Assist-2-Sell is an American real estate franchise organization operating in the United States and Canada. It was founded in 1987 by Mary LaMeres-Pomin and Lyle E. Martin and is based in Reno, Nevada.

==History==
Assist-2-Sell was founded in 1987 by Mary LaMeres-Pomin and Lyle E. Martin, who had been conventional real estate agents for 10 years prior to founding Assist-2-Sell. They did not want to spend a significant portion of their time looking for clients so created a discount real estate firm in the hopes that with lower prices, clients would directly come to Assist-2-Sell. Assist-2-Sell is founded in and based in Reno.

According to The Commercial Appeal, Assist-2-Sell "falls between using a traditional real estate firm and selling your home yourself". The Portland Press Herald said in 2000, "Word of Assist-2-Sell's rates and reputation has gotten around the realty circle with reaction ranging from skepticism to intimidation."

Reno Gazette-Journal in 2002 called Assist-2-Sell "[o]ne of North America's largest residential discount realty companies". In 2006, it had 630 offices in Canada and 46 American states.

Its main competitor is the company Help-U-Sell. Newsweek said Help-U-Sell and Assist-2-Sell are "the two largest flat-fee brokerages" that in 2004 had a combined almost 900 offices.

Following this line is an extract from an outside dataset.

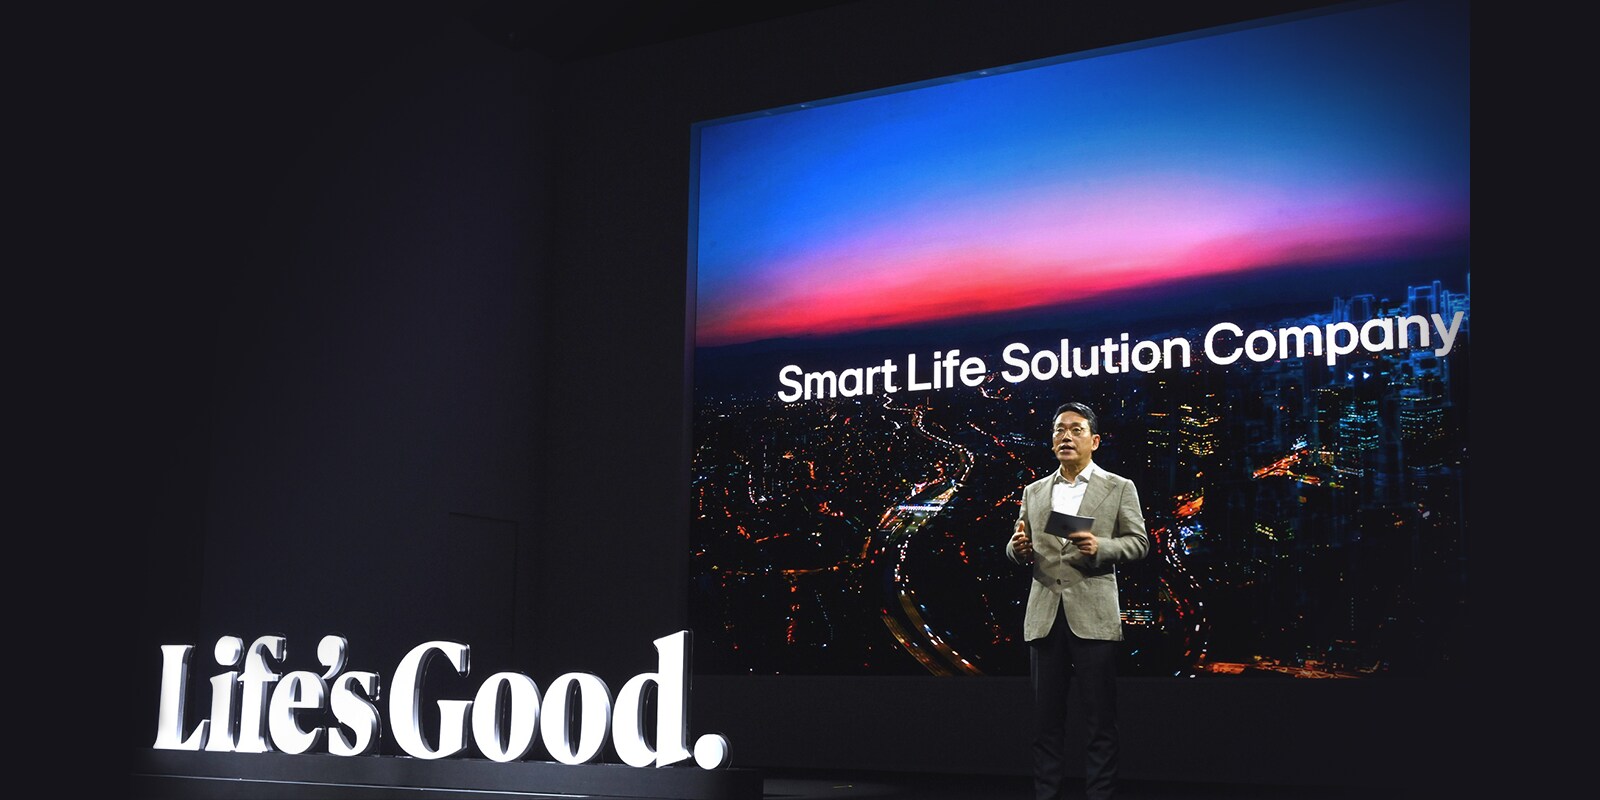 LG VS Company's CEO William Cho presenting LG's grand vision to go beyond consumer electronics into the realm of smart life solutions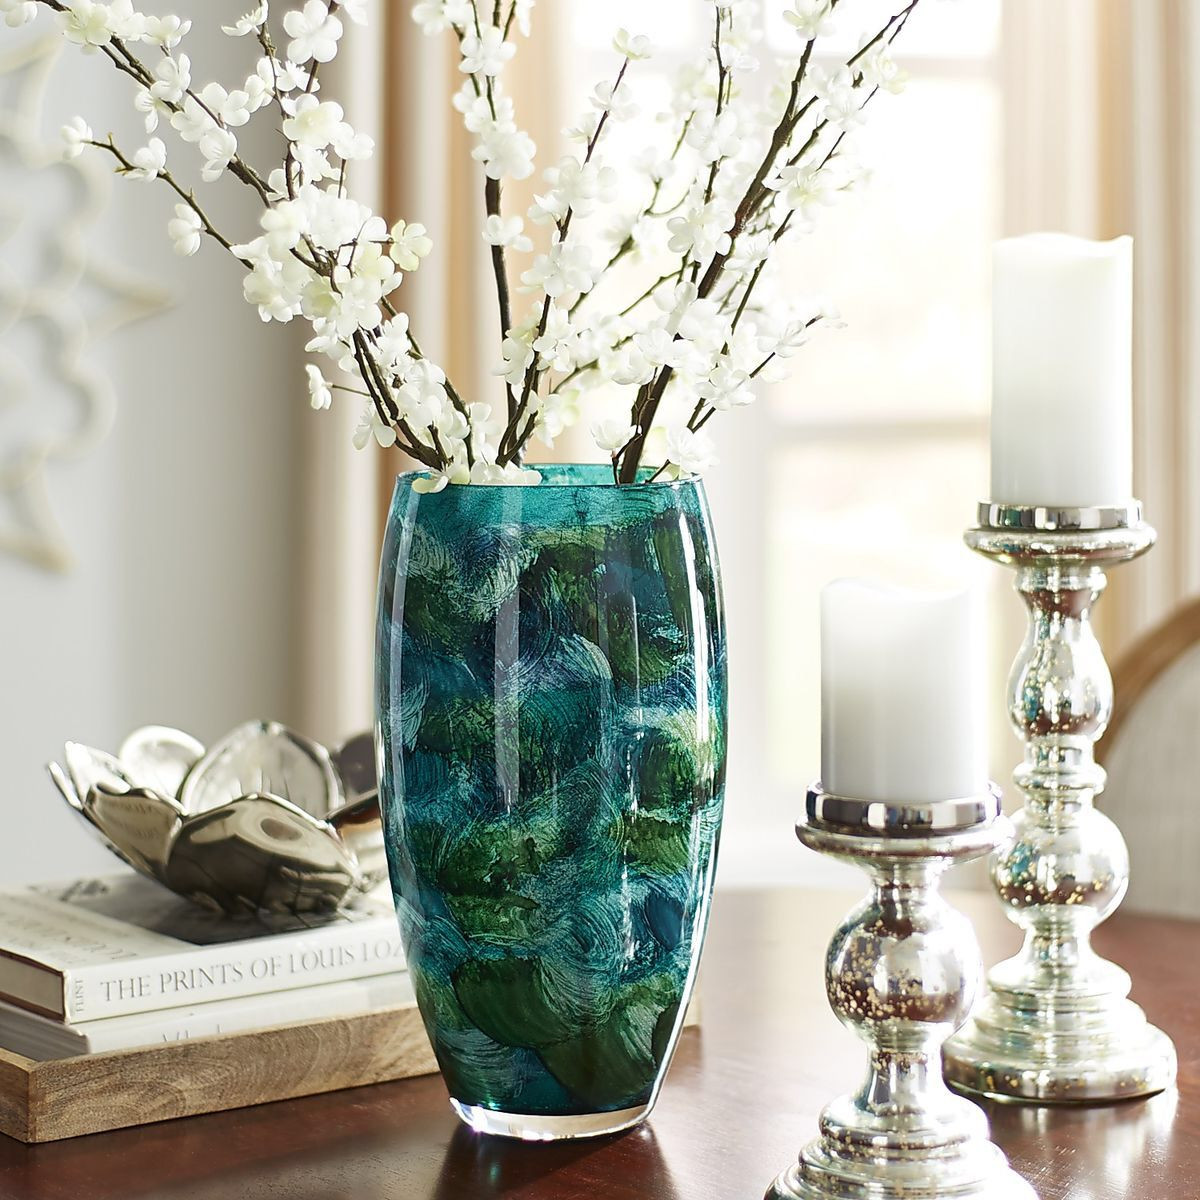 19 Fabulous Purple Swirl Vase 2023 free download purple swirl vase of love what they did with the vase home stuff pinterest in love what they did with the vase

==Services and franchise program==
Assist-2-Sell has two advertising options for clients to choose from. In the first option, "Direct to Buyer", the real estate agent acts like a conventional agent by marketing the property and dealing with the documents. In the second option, "MLS for Less", sellers get all of the benefits from the previous method as well as having their house listed on the MLS. It advertises houses through newspapers, magazines, mail, and signs, as well as the iHouse2000.com website. The company receives a commission only after a house is sold.

Assist-2-Sell started its franchise program in 1995. Every franchisee is managed and held independently. Assist-2-Sell provides coaching for its franchisees by teaching them how to establish and operate a back office, how to hire real estate agents, how to draw in customers, and how to display houses. In 2004, Assist-2-Sell charged franchisees $19,500 in addition to a 5% cut of each sold home.